Finance

Interest rate cut in South Africa on the cards

The Reserve Bank will likely cut interest rates by 25 basis points this week as inflation in South Africa remains towards the bottom end of its target range. 

However, it will be concerned about the ongoing geopolitical instability, South Africa’s tension with the United States, and the potential for the rand to weaken rapidly. 

This is feedback from Old Mutual Wealth investment strategist Izak Odendaal, who outlined the tricky position of the Reserve Bank’s Monetary Policy Committee (MPC). 

It effectively has to try to discern the impact on local inflation and the rand through the ‘noise’ of a global trade war and Trump’s public statements about South Africa. 

Odendaal said that relations between South Africa and the United States have fallen to the lowest point in years. 

Already, US President Donald Trump has slashed spending on foreign aid. This leaves South Africa with a gap of around R8 billion a year, particularly for treating tuberculosis and Aids. 
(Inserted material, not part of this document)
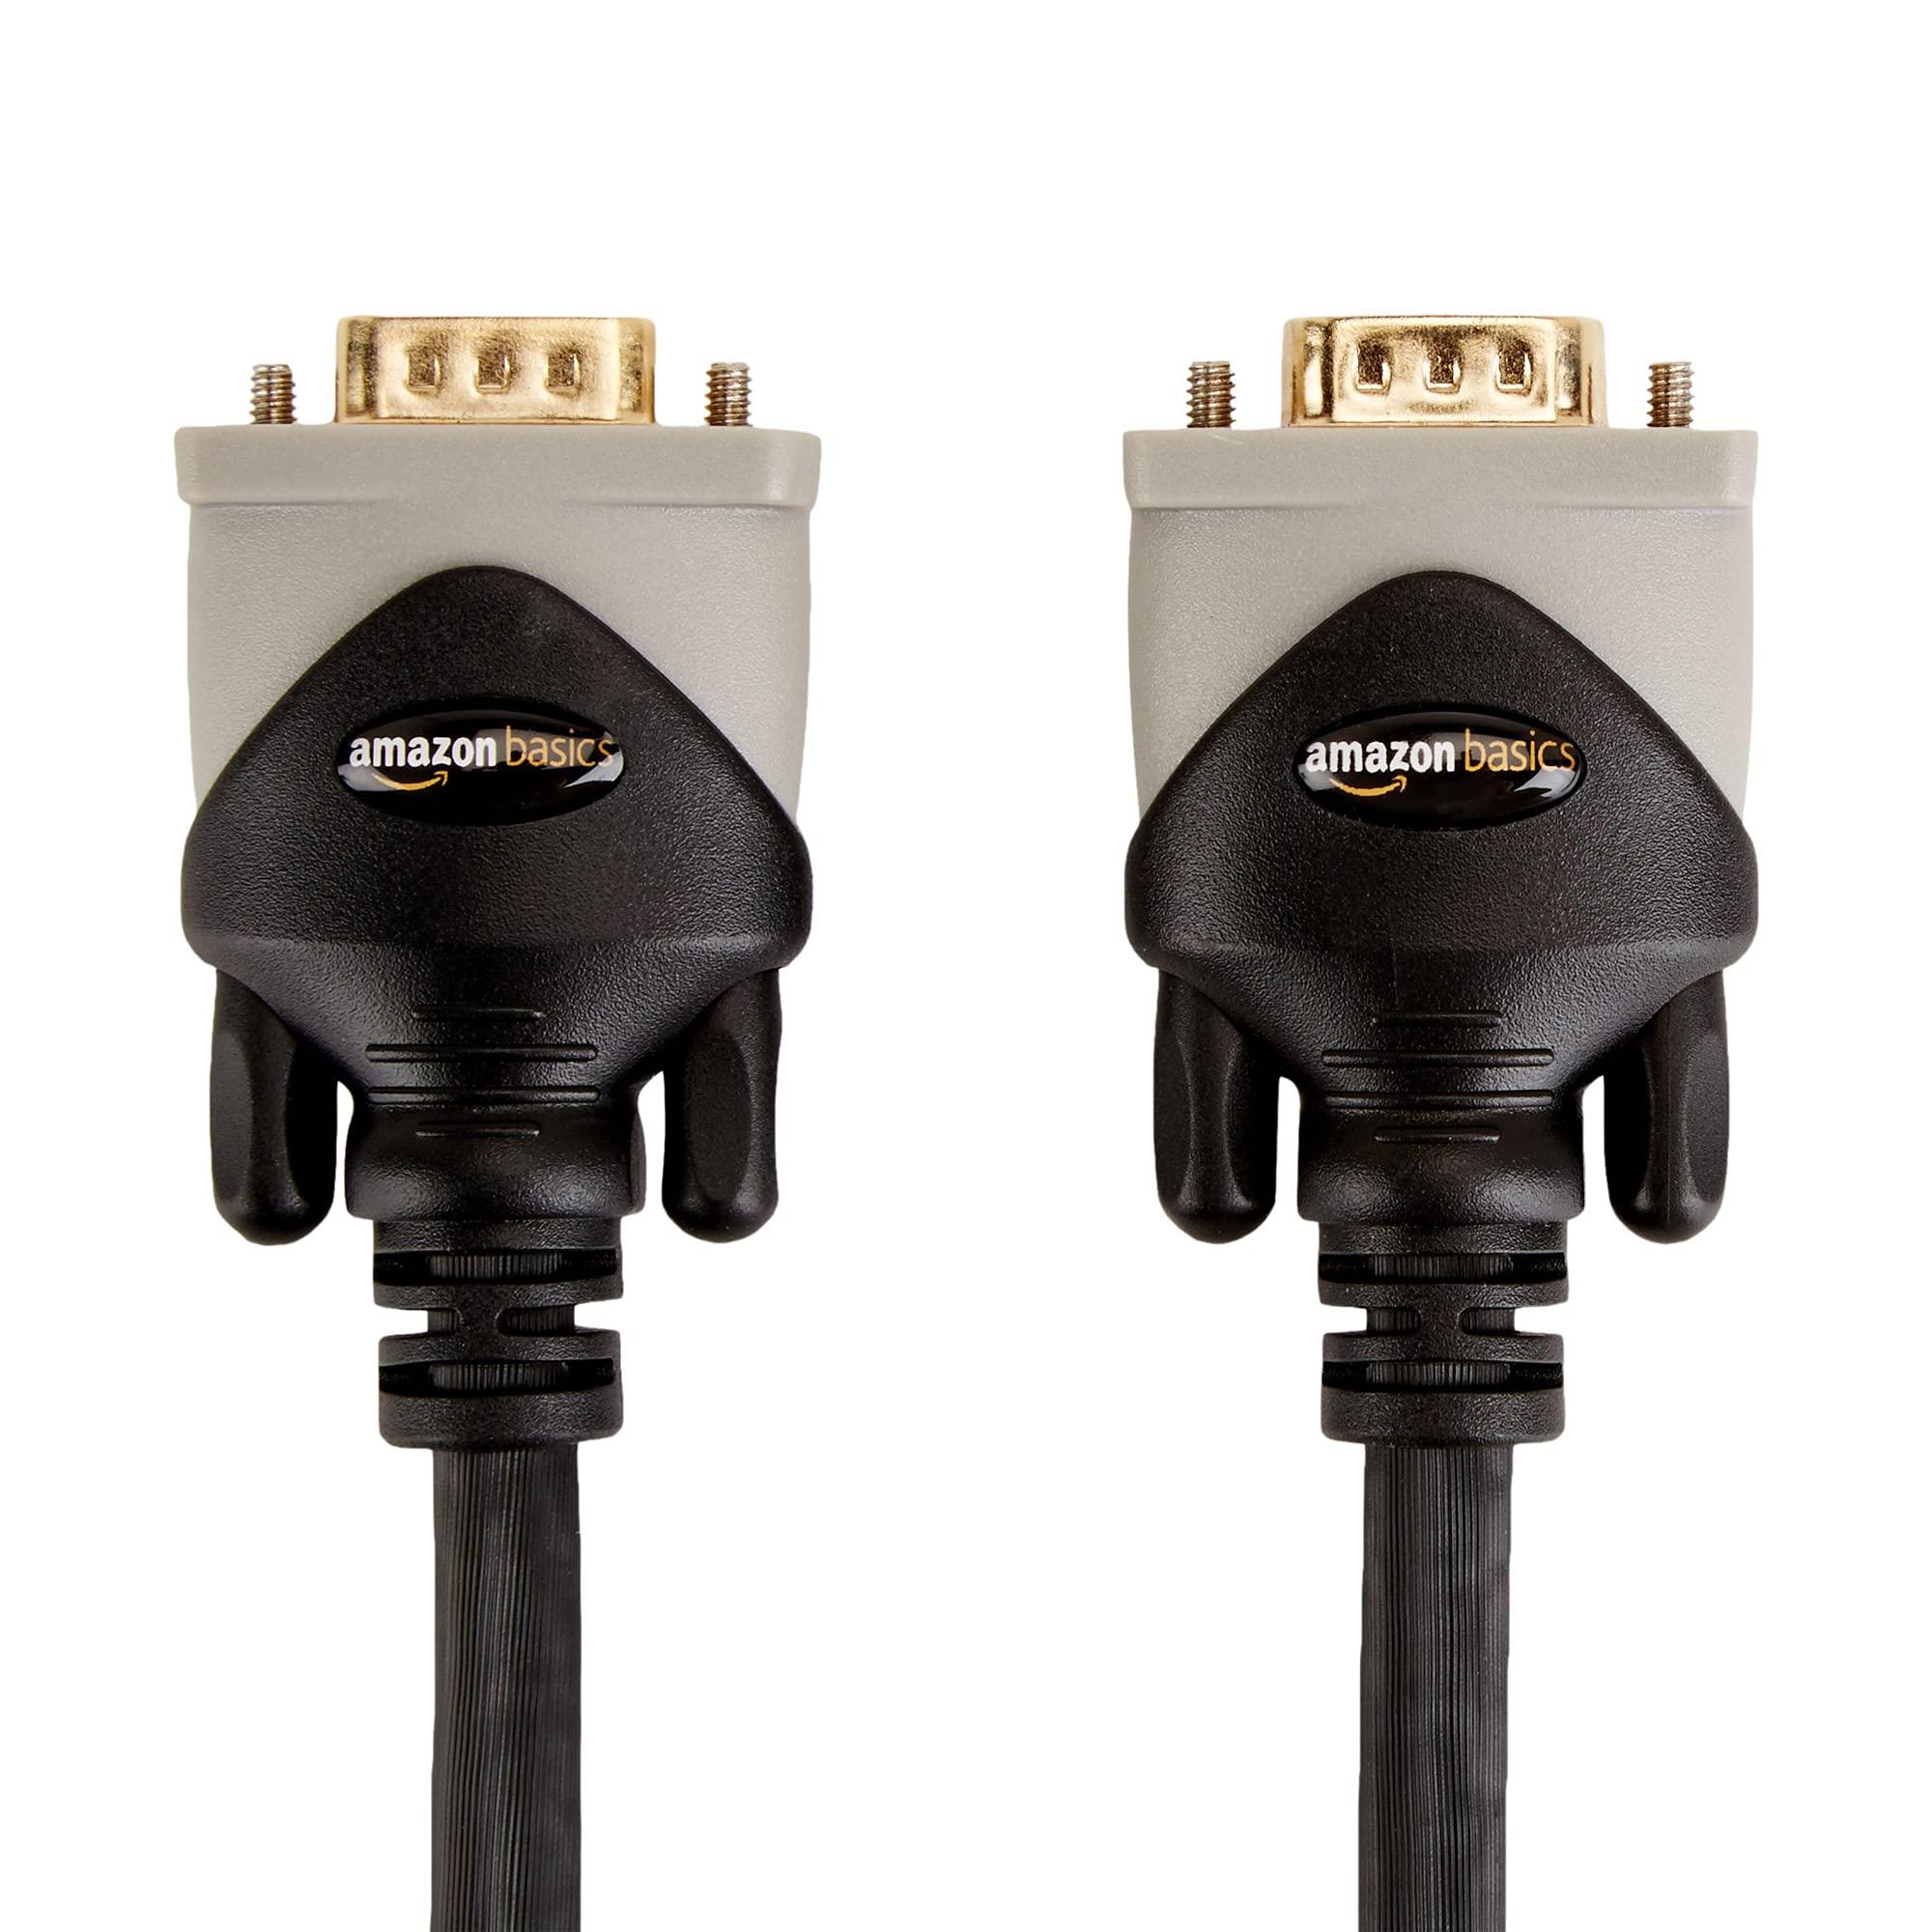 Amazon Basics VGA to VGA PC Computer Monitor Cable - 6 Feet (1.8 Meters)

With the US imposing tariffs on friends and foes alike, duties on South African imports will likely go up at some point. 

This does not automatically translate into lower revenues for South African exporters, but some might be forced to cut prices to remain competitive in the US market.

Beyond the direct impact on US-South Africa trade is the overall health of the global economy. If global economic growth comes under pressure due to US tariffs, South African exports to China, Europe and elsewhere might also be affected. 

This could be somewhat offset by the positive impact of Beijing’s stimulus efforts and Europe’s planned increases in defence spending.

Above all, South Africa is very sensitive to shifts in global market sentiment and commodity prices. The country imports capital and exports commodities. 

It is notable that the rand has been relatively stable despite recent market jitters. This is due to a weaker dollar as markets sense a weakening US economy and potentially more rate cuts. 

However, rand stability cannot be taken for granted, complicating the picture for the Reserve Bank’s MPC when it meets on 20 March. 

Odendaal said that it is still likely to reduce the repo rate by 25 basis points despite some upward inflationary pressure from proposed VAT increases.  

Longer-term picture for interest rates in South Africa

Old Mutual Wealth’s Izak Odendaal

The longer-term picture for interest rates in South Africa is far more complicated as the effect of Trump’s trade policies will become clearer in the coming months. These policies are likely to be inflationary and significantly impact global growth. 

South Africa’s economy may be particularly hard hit as China and the United States appear locked in a trade war, potentially diminishing the Asian country’s appetite for commodities. 

Despite this, the country’s inflation remains relatively low, which should provide space for the Reserve Bank to keep cutting interest rates. 

Old Mutual chief economist Johann Els explained that South Africa is experiencing such low inflation that it can absorb this shock without having to hold off on interest rate cuts. 

This does not mean inflation will not rise. It will not breach the midpoint of the Reserve Bank’s 3% to 6% target range and push it to put rate cuts on hold.

However, this picture may change rapidly as inflation picks up from a low base in South Africa, particularly food inflation. 

Nedbank chief economist Nicky Weimar said that goods inflation has come down as far as it can and will begin to tick up off a low base. 

The same applies to food inflation, which came down dramatically in 2024. However, it has come down so far that its next move will likely be up. 

“Now, fuel prices are starting to rise, with increases implemented over the past few months. This will effectively push headline inflation higher as it is a universal input.” 

“Thankfully, services inflation is likely to remain constrained. But that low inflation rate is going to start increasing again.”

Weimar said the Reserve Bank would be watching this closely, but because it is coming from such a low level, there is still space to absorb any shock. 

And so, there is likely to be one more cut in 2025, but no more as the Reserve Bank adopts a wait-and-see approach to what goes on in the US.

The Reserve Bank’s main focus will be on the rand and whether the currency can remain stable or if it shows signs of weakening. 

If the rand weakens sharply, it will greatly increase the cost of imports into South Africa, particularly fuel, and push inflation higher.